**ASSIGNED TASK**
The full listing is to be written out again, unchanged.

**INFORMATION GIVEN**
========================

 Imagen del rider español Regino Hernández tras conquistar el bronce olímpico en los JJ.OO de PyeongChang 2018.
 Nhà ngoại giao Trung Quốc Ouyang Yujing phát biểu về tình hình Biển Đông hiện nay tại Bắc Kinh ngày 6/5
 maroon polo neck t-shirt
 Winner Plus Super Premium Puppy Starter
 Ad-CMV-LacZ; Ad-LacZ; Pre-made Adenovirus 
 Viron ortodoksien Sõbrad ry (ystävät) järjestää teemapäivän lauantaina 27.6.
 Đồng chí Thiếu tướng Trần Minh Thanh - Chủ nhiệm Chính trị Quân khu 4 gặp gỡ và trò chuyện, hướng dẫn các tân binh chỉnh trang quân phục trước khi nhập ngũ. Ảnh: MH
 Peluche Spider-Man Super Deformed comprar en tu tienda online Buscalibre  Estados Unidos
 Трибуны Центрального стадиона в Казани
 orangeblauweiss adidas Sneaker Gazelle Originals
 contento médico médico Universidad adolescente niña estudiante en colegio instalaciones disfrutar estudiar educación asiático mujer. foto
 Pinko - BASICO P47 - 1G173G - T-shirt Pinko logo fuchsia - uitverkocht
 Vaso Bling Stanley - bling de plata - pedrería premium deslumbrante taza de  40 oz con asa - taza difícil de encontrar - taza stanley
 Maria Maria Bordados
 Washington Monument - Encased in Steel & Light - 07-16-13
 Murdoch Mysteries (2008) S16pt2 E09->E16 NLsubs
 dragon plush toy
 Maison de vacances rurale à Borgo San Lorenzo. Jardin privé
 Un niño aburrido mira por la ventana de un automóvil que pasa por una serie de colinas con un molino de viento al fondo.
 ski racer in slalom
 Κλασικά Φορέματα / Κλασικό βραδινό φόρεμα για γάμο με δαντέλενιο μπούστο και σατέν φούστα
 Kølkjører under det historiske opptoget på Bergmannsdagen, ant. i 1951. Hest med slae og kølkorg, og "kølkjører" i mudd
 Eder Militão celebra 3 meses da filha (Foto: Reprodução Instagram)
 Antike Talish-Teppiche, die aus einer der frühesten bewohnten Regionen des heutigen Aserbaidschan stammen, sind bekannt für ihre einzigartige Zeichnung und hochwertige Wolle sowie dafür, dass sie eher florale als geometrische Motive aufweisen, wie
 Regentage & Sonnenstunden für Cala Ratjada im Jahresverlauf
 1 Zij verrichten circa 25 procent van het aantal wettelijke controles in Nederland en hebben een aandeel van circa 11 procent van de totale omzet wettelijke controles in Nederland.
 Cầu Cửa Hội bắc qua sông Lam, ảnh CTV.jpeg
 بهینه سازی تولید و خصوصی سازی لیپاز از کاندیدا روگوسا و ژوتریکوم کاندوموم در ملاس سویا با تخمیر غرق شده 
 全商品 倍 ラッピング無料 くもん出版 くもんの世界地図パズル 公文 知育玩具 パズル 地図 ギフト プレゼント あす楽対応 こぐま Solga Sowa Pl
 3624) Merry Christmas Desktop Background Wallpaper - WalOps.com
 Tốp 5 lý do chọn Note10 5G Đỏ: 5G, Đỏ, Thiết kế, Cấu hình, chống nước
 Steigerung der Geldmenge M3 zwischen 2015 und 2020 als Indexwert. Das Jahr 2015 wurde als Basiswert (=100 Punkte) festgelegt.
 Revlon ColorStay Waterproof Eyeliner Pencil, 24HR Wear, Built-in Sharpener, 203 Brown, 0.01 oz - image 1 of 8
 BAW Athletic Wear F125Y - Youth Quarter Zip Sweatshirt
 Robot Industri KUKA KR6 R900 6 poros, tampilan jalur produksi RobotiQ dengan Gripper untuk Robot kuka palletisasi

========================

**RESULT OF THE TASK**
 Imagen del rider español Regino Hernández tras conquistar el bronce olímpico en los JJ.OO de PyeongChang 2018.
 Nhà ngoại giao Trung Quốc Ouyang Yujing phát biểu về tình hình Biển Đông hiện nay tại Bắc Kinh ngày 6/5
 maroon polo neck t-shirt
 Winner Plus Super Premium Puppy Starter
 Ad-CMV-LacZ; Ad-LacZ; Pre-made Adenovirus 
 Viron ortodoksien Sõbrad ry (ystävät) järjestää teemapäivän lauantaina 27.6.
 Đồng chí Thiếu tướng Trần Minh Thanh - Chủ nhiệm Chính trị Quân khu 4 gặp gỡ và trò chuyện, hướng dẫn các tân binh chỉnh trang quân phục trước khi nhập ngũ. Ảnh: MH
 Peluche Spider-Man Super Deformed comprar en tu tienda online Buscalibre  Estados Unidos
 Трибуны Центрального стадиона в Казани
 orangeblauweiss adidas Sneaker Gazelle Originals
 contento médico médico Universidad adolescente niña estudiante en colegio instalaciones disfrutar estudiar educación asiático mujer. foto
 Pinko - BASICO P47 - 1G173G - T-shirt Pinko logo fuchsia - uitverkocht
 Vaso Bling Stanley - bling de plata - pedrería premium deslumbrante taza de  40 oz con asa - taza difícil de encontrar - taza stanley
 Maria Maria Bordados
 Washington Monument - Encased in Steel & Light - 07-16-13
 Murdoch Mysteries (2008) S16pt2 E09->E16 NLsubs
 dragon plush toy
 Maison de vacances rurale à Borgo San Lorenzo. Jardin privé
 Un niño aburrido mira por la ventana de un automóvil que pasa por una serie de colinas con un molino de viento al fondo.
 ski racer in slalom
 Κλασικά Φορέματα / Κλασικό βραδινό φόρεμα για γάμο με δαντέλενιο μπούστο και σατέν φούστα
 Kølkjører under det historiske opptoget på Bergmannsdagen, ant. i 1951. Hest med slae og kølkorg, og "kølkjører" i mudd
 Eder Militão celebra 3 meses da filha (Foto: Reprodução Instagram)
 Antike Talish-Teppiche, die aus einer der frühesten bewohnten Regionen des heutigen Aserbaidschan stammen, sind bekannt für ihre einzigartige Zeichnung und hochwertige Wolle sowie dafür, dass sie eher florale als geometrische Motive aufweisen, wie
 Regentage & Sonnenstunden für Cala Ratjada im Jahresverlauf
 1 Zij verrichten circa 25 procent van het aantal wettelijke controles in Nederland en hebben een aandeel van circa 11 procent van de totale omzet wettelijke controles in Nederland.
 Cầu Cửa Hội bắc qua sông Lam, ảnh CTV.jpeg
 بهینه سازی تولید و خصوصی سازی لیپاز از کاندیدا روگوسا و ژوتریکوم کاندوموم در ملاس سویا با تخمیر غرق شده 
 全商品 倍 ラッピング無料 くもん出版 くもんの世界地図パズル 公文 知育玩具 パズル 地図 ギフト プレゼント あす楽対応 こぐま Solga Sowa Pl
 3624) Merry Christmas Desktop Background Wallpaper - WalOps.com
 Tốp 5 lý do chọn Note10 5G Đỏ: 5G, Đỏ, Thiết kế, Cấu hình, chống nước
 Steigerung der Geldmenge M3 zwischen 2015 und 2020 als Indexwert. Das Jahr 2015 wurde als Basiswert (=100 Punkte) festgelegt.
 Revlon ColorStay Waterproof Eyeliner Pencil, 24HR Wear, Built-in Sharpener, 203 Brown, 0.01 oz - image 1 of 8
 BAW Athletic Wear F125Y - Youth Quarter Zip Sweatshirt
 Robot Industri KUKA KR6 R900 6 poros, tampilan jalur produksi RobotiQ dengan Gripper untuk Robot kuka palletisasi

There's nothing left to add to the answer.